A full of 568 models were fitted and the model predictions were compared with the observed performances. Depending on the data prepare and sampling method, information technology took between 80 to 560 annotated samples to achieve mean boilerplate and root mean squared error beneath 0.01. Results also show that our weighted plumbing equipment method outperformed the baseline un-weighted method (p < 0.05).

Conclusions

This newspaper describes a simple and effective sample size prediction algorithm that conducts weighted fitting of learning curves. The algorithm outperformed an united nations-weighted algorithm described in previous literature. Information technology can help researchers make up one's mind annotation sample size for supervised machine learning.

Background

The availability of biomedical data has increased during the past decades. In order to procedure such data and excerpt useful information from it, researchers have been using motorcar learning techniques. However, to generate predictive models, the supervised learning techniques need an annotated grooming sample. Literature suggests that the predictive power of the classifiers is largely dependent on the quality and size of the grooming sample [ane-six].

Man annotated data is a scarce resource and its creation expensive both in terms of money and time. For example, united nations-annotated clinical notes are abundant. To label un-annotated text corpora from the clinical domain, withal, requires a grouping of reviewers with domain expertise and only a tiny fraction of the available clinical notes tin be annotated.

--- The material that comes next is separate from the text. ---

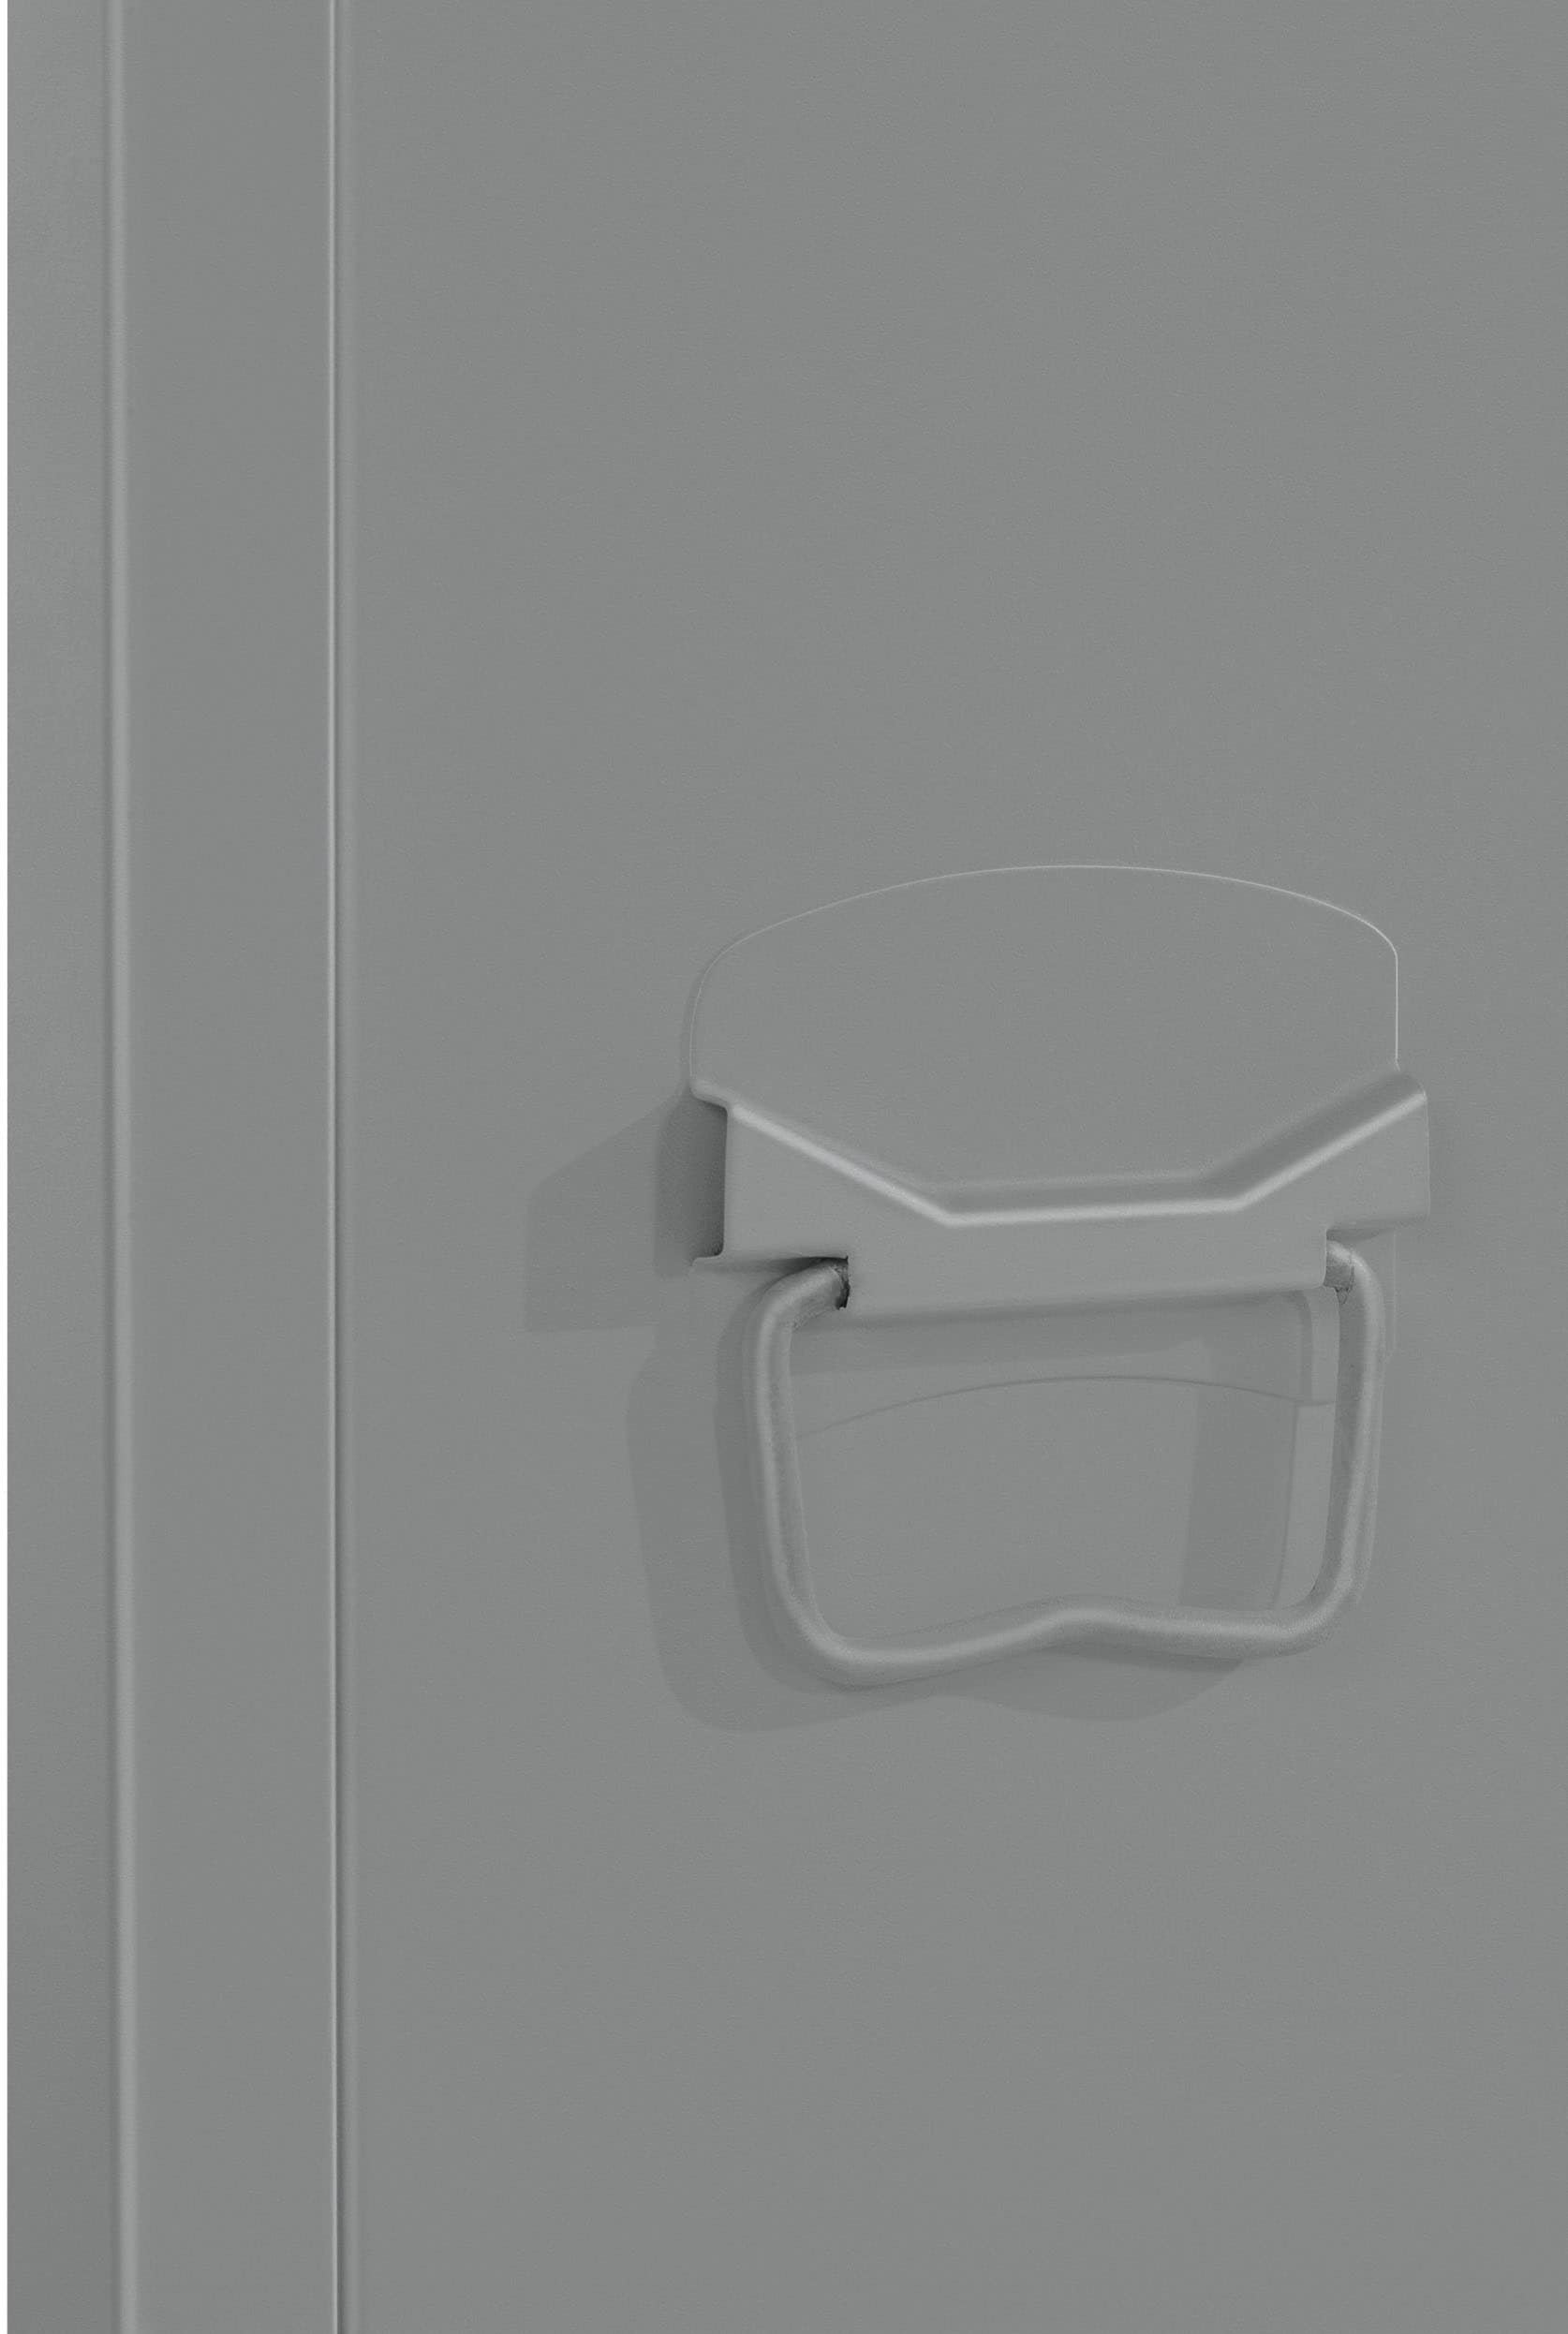 andas Hochschrank »Jensjorg«, Hochschrank aus Metall, 2 x Einlegeböden  hinter der Tür, Höhe 180 cm online kaufen

The procedure of creating an annotated sample is initiated past selecting a subset of information; the question is: what should the size of the grooming subset be to reach a certain target classification performance? Or to phrase information technology differently: what is the expected classification performance for a given training sample size?

Problem formulation

Our interest in sample size prediction stemmed from our experiments with active learning. Active learning is a sampling technique that aims to minimize the size of the preparation set for classification. The principal goal of active learning is to accomplish, with a smaller training set up, a performance comparable to that of passive learning. In the iterative procedure, users need to make a determination on when to stop/proceed the data labeling and classification process. Although termination criteria is an issue for both passive and active learning, identifying an optimal termination point and training sample size may be more important in active learning. This is because the passive and active learning curves volition, given a sufficiently large sample size, eventually converge and thus diminish the advantage of active learning over passive learning. Relatively few papers take been published on the termination criteria for agile learning [7-9]. The published criteria are generally based on target accurateness, classifier confidence, doubtfulness estimation, and minimum expected error. As such, they do not directly predict a sample size. In addition, depending on the algorithm and classification, active learning algorithms differ in performance and sometimes can perform even worse than passive learning. In our prior work on medical text classification, nosotros take investigated and experimented with several active learning sampling methods and observed the need to predict hereafter classification performance for the purpose of selecting the best sampling algorithm and sample size[x,11]. In this paper we present a new method that predicts the operation at an increased sample size. This method models the observed classifier performance as a office of the training sample size, and uses the fitted curve to forecast the classifier's future behaviour.

Previous and related work

Sample size determination

Our method can be viewed every bit a blazon of sample size determination (SSD) method that determines sample size for written report design. There are a number of different SSD methods to meet researchers' specific data requirements and goals [12-14]. Determining the sample size required to achieve sufficient statistical ability to reject a null hypothesis is a standard approach [13-xvi]. Cohen defines statistical ability as the probability that a test will "yield statistically significant results" i.e. the probability that the null hypothesis volition exist rejected when the alternative hypothesis is true[17]. These SSD methods have been widely used in bioinformatics and clinical studies [15,18-21]. Another methods endeavor to find the sample size needed to reach a target functioning (e.chiliad. a high correlation coefficient) [22-25]. Inside this category we discover methods that predict the sample size required for a classifier to attain a detail accuracy [2,4,26]. There are two main approaches to predict the sample size required to achieve a specific classifier performance: Dobbin et al. describe a "model-based" arroyo to predict the number of samples needed for classifying microarray information [two]. It determines sample size based on standardized fold change, class prevalence, and number of genes or features on the arrays. Some other more generic arroyo is to fit a classifier's learning curve created using empirical information to inverse ability police force models. This approach is based on the findings from prior studies where it was shown that the learning classifier learning curves generally follow the inverse power law [27]. Examples of this approach include the algorithms proposed by Mukherjee and others [ane,28-thirty]. Since our proposed method is a variant of this arroyo, nosotros will depict the prior work on learning curve fitting in more than detail.

Learning curve fitting

A learning curve is a collection of data points (x_j, y_j) that in this case describe how the performance of a classifier (y_j) is related to preparation sample sizes (x_j), where j = ane to m, m being the total number of instances. These learning curves can typically be divided into three sections: In the first section, the classification performance increases rapidly with an increment in the size of the grooming set; the 2nd section is characterized past a turning indicate where the increase in performance is less rapid and a concluding department where the classifier has reached its efficiency threshold, i.e. no (or simply marginal) comeback in performance is observed with increasing training set size. Effigy i is an case of a learning curve.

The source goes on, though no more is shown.